- **PROVIDED DATA**:
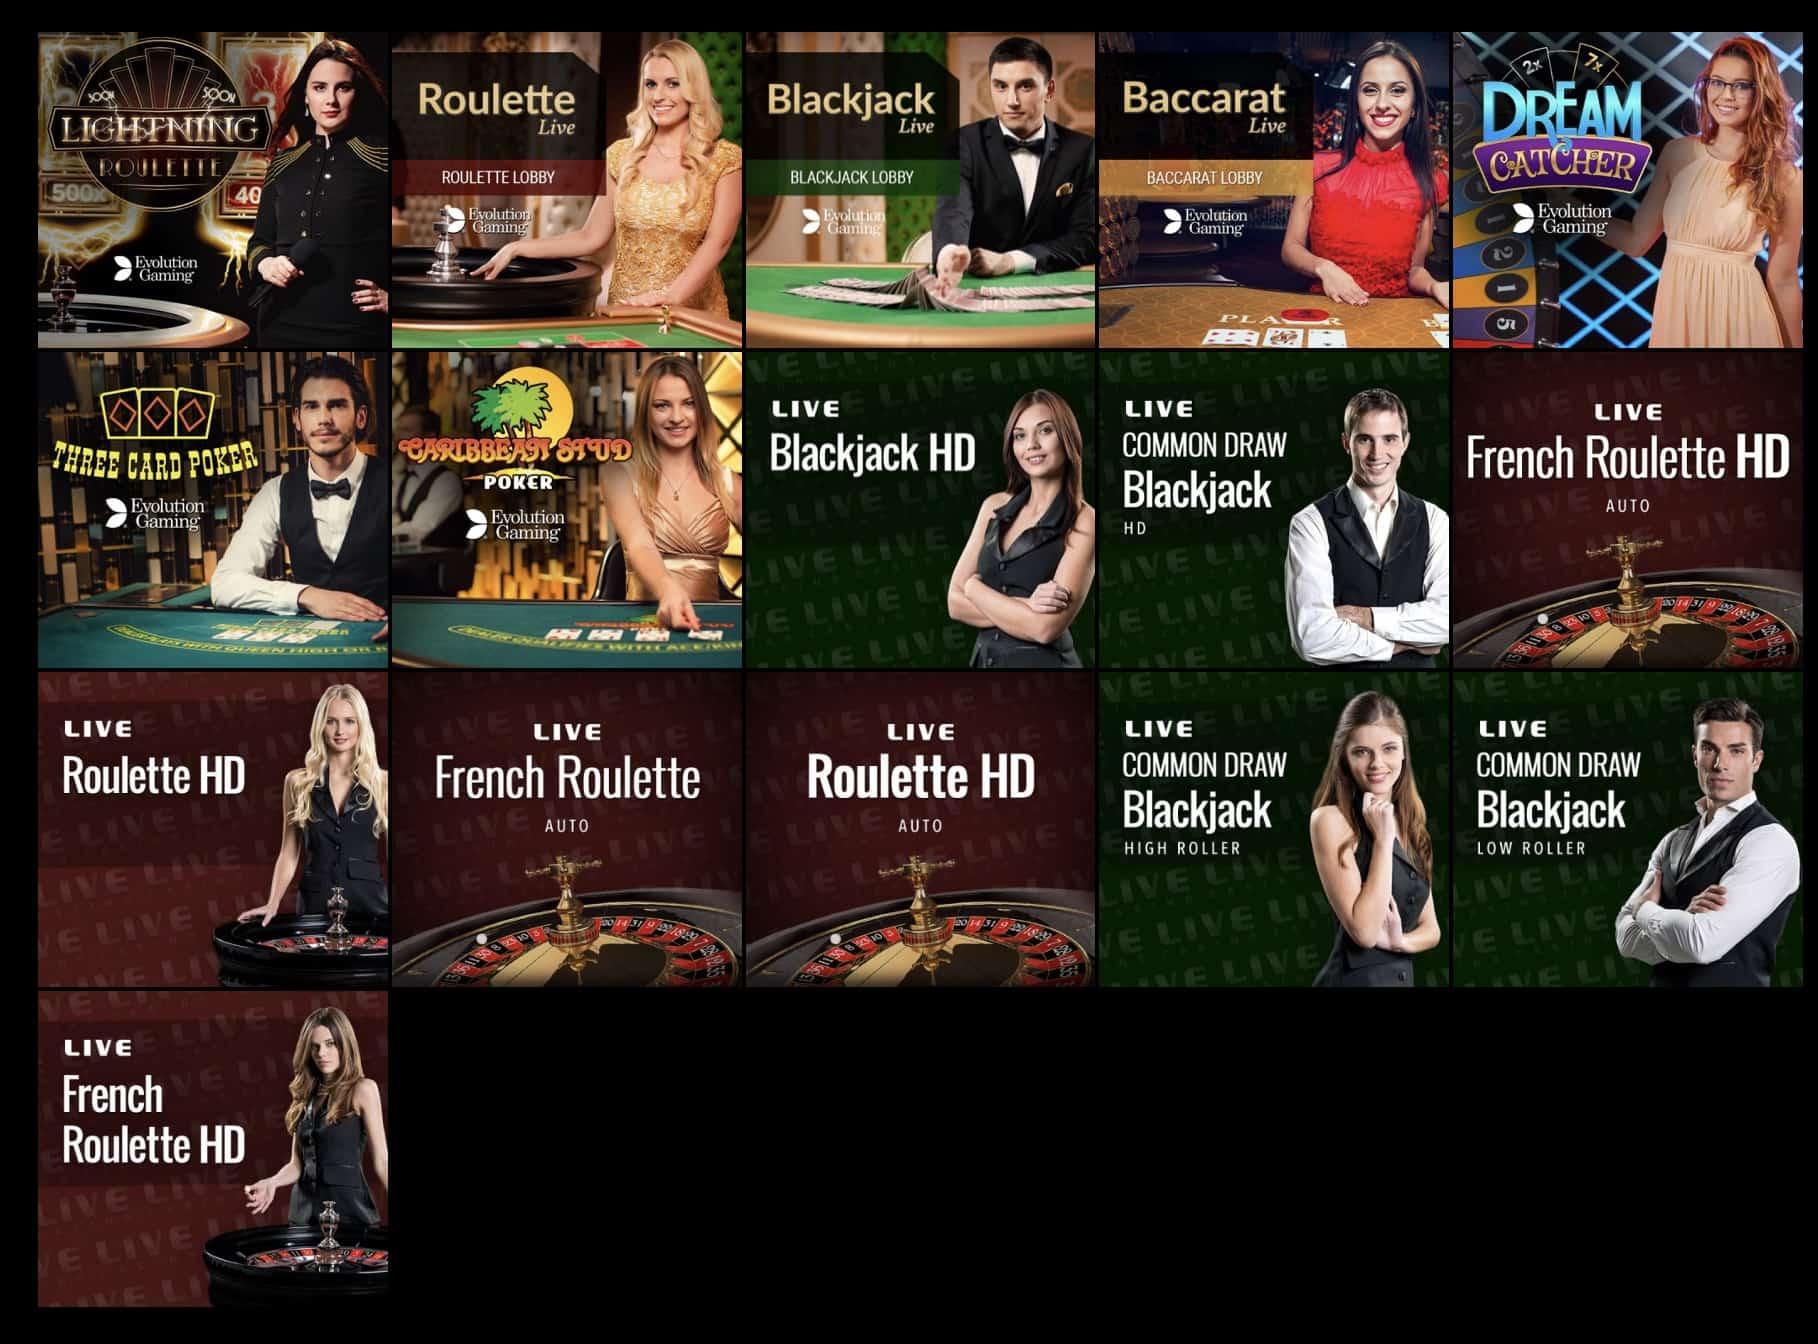 Voodoo Dreams Casino Erfahrungen und Test
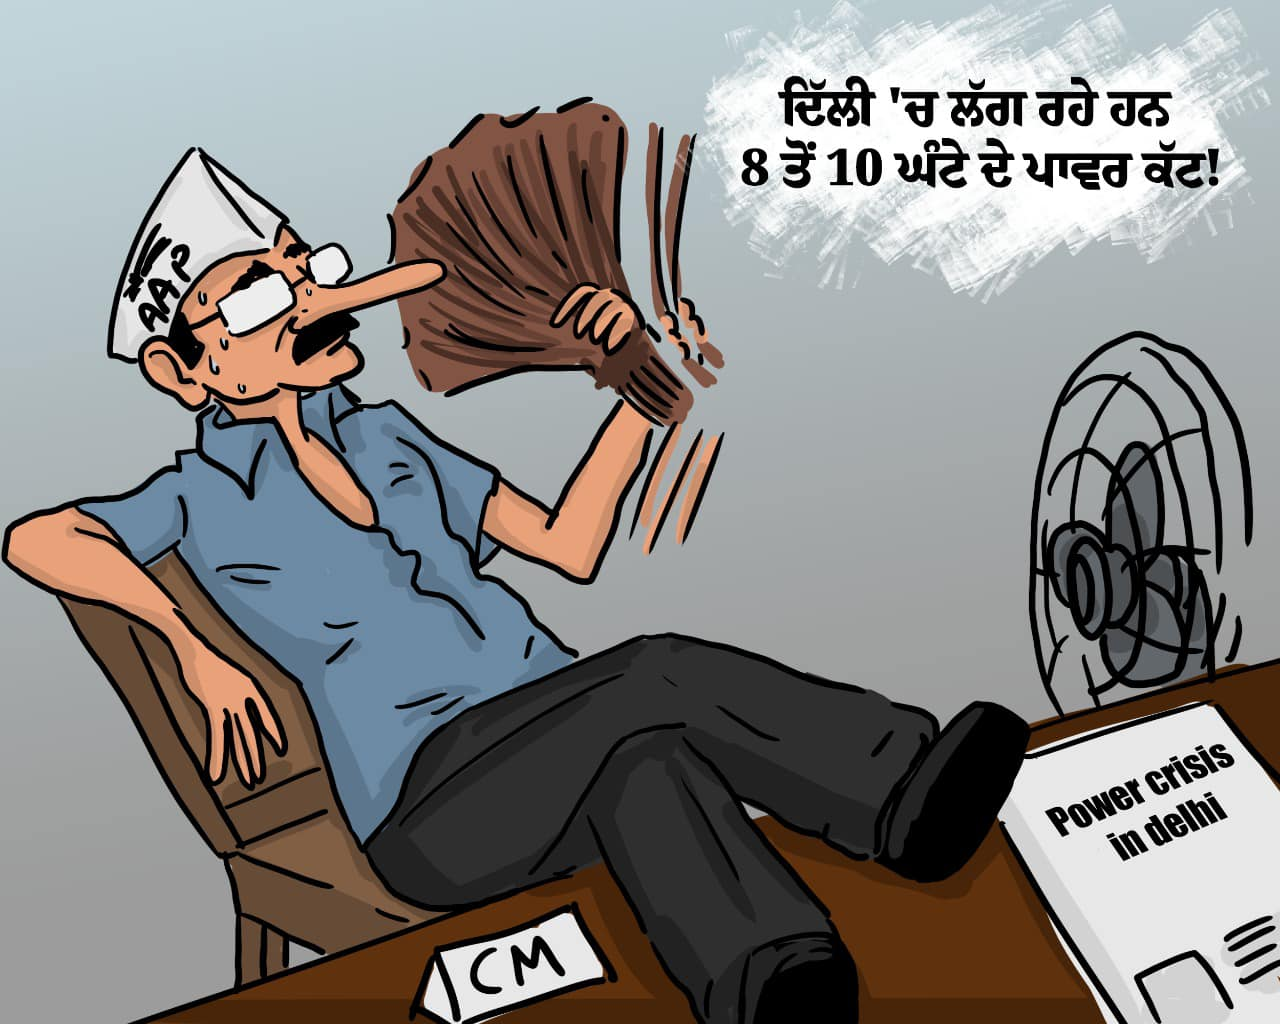 शिअद की तरफ से शेयर किया गया अरविंद केजरीवाल का कार्टून।
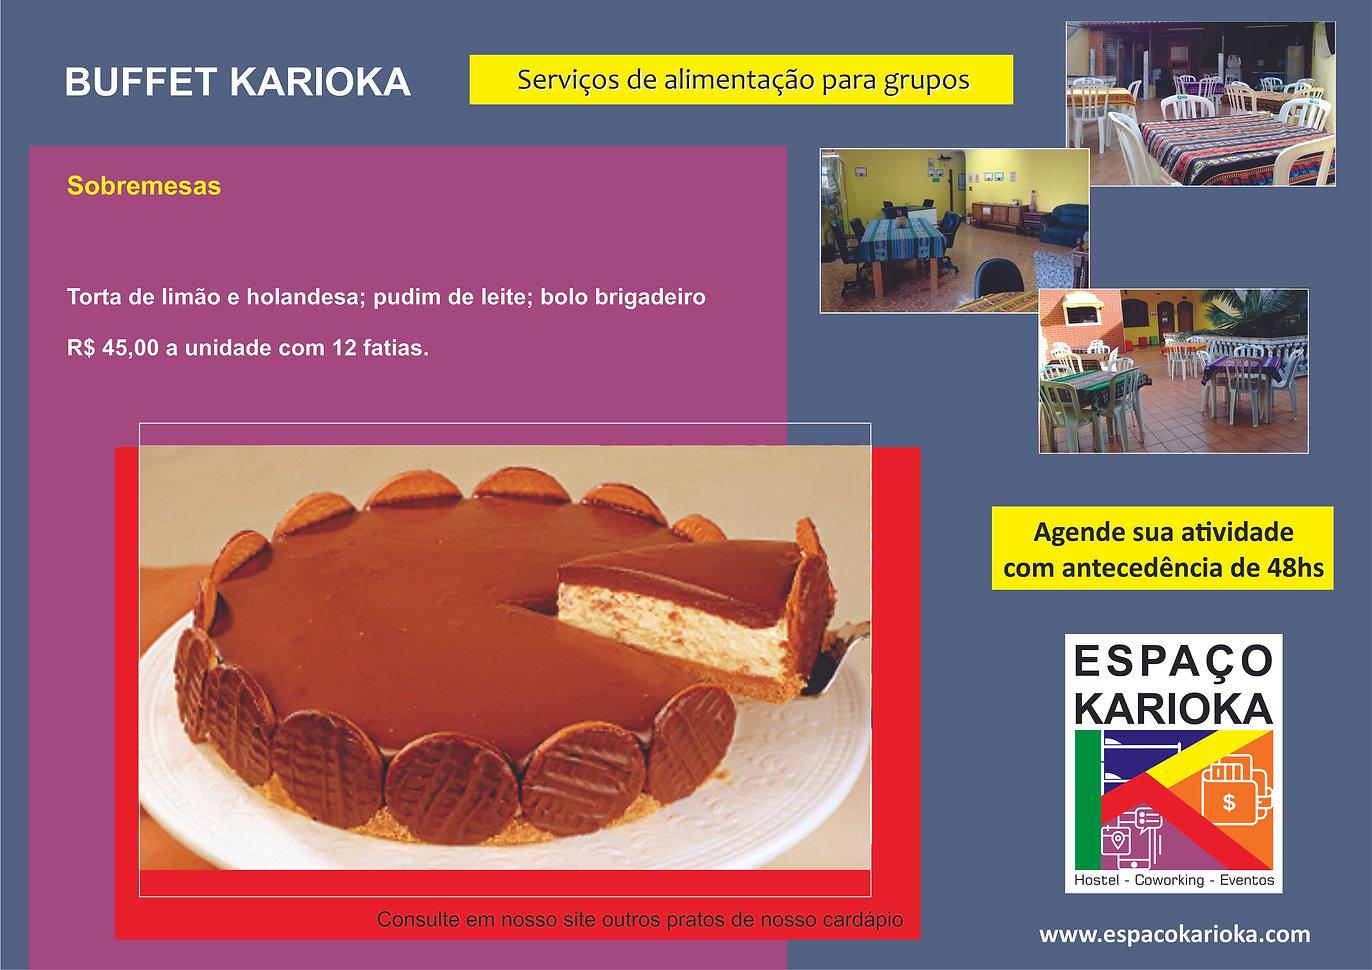 Promocional Buffet Karioka post dos prat
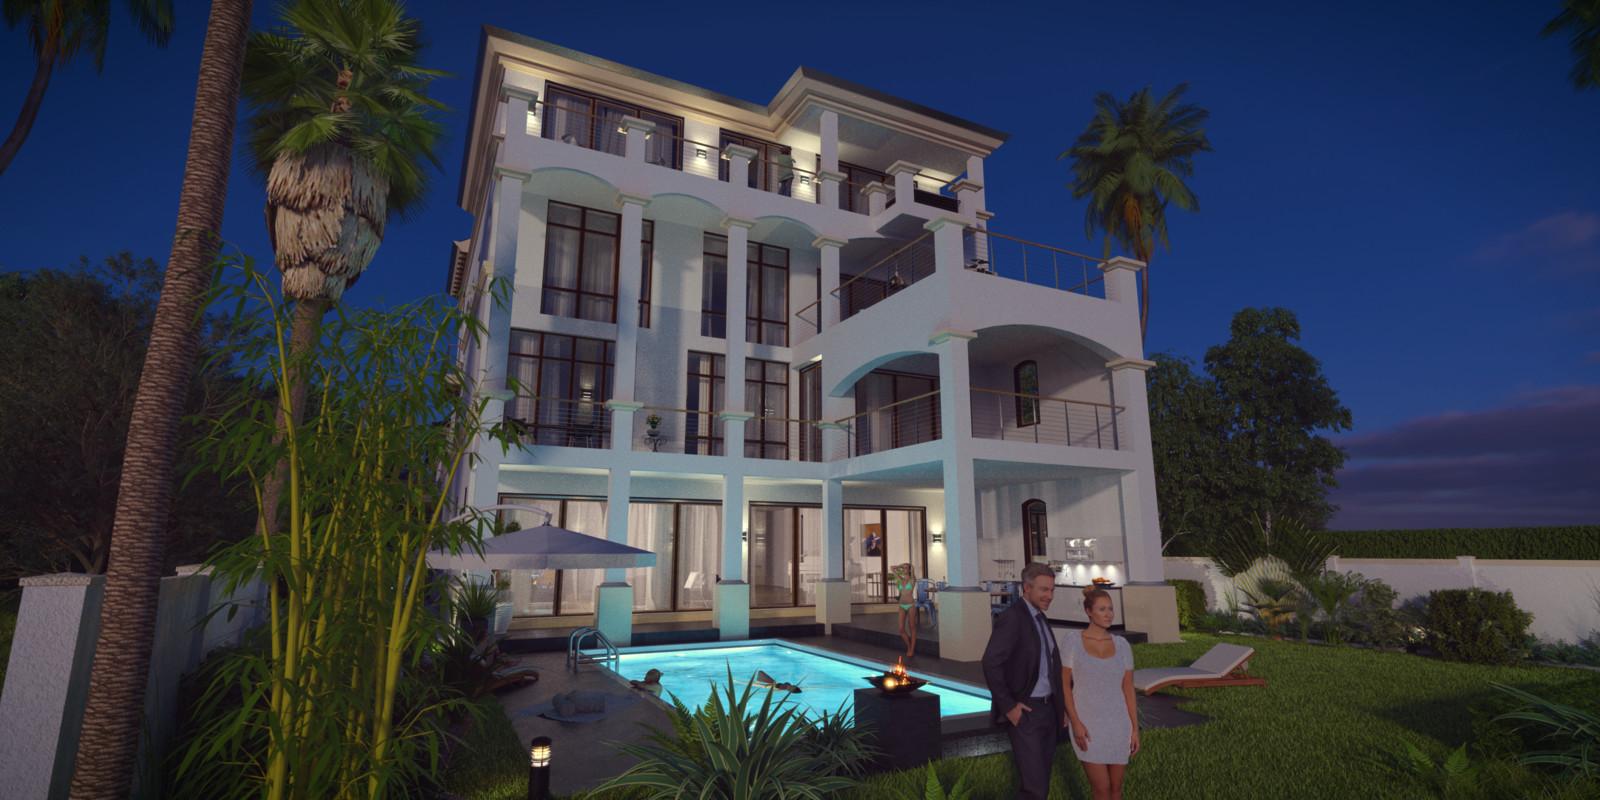 SketchUp + Thea Render  Seagrove Beach House: Scene 20 NIGHT A Glare Lumina 2160 × 1080 Presto MC Bucket

- **YOUR GOAL**: Without including any picture, reproduce all of the material exactly.

- **EXERCISE SOLUTION**:
 Voodoo Dreams Casino Erfahrungen und Test
 शिअद की तरफ से शेयर किया गया अरविंद केजरीवाल का कार्टून।
 Promocional Buffet Karioka post dos prat
 SketchUp + Thea Render  Seagrove Beach House: Scene 20 NIGHT A Glare Lumina 2160 × 1080 Presto MC Bucket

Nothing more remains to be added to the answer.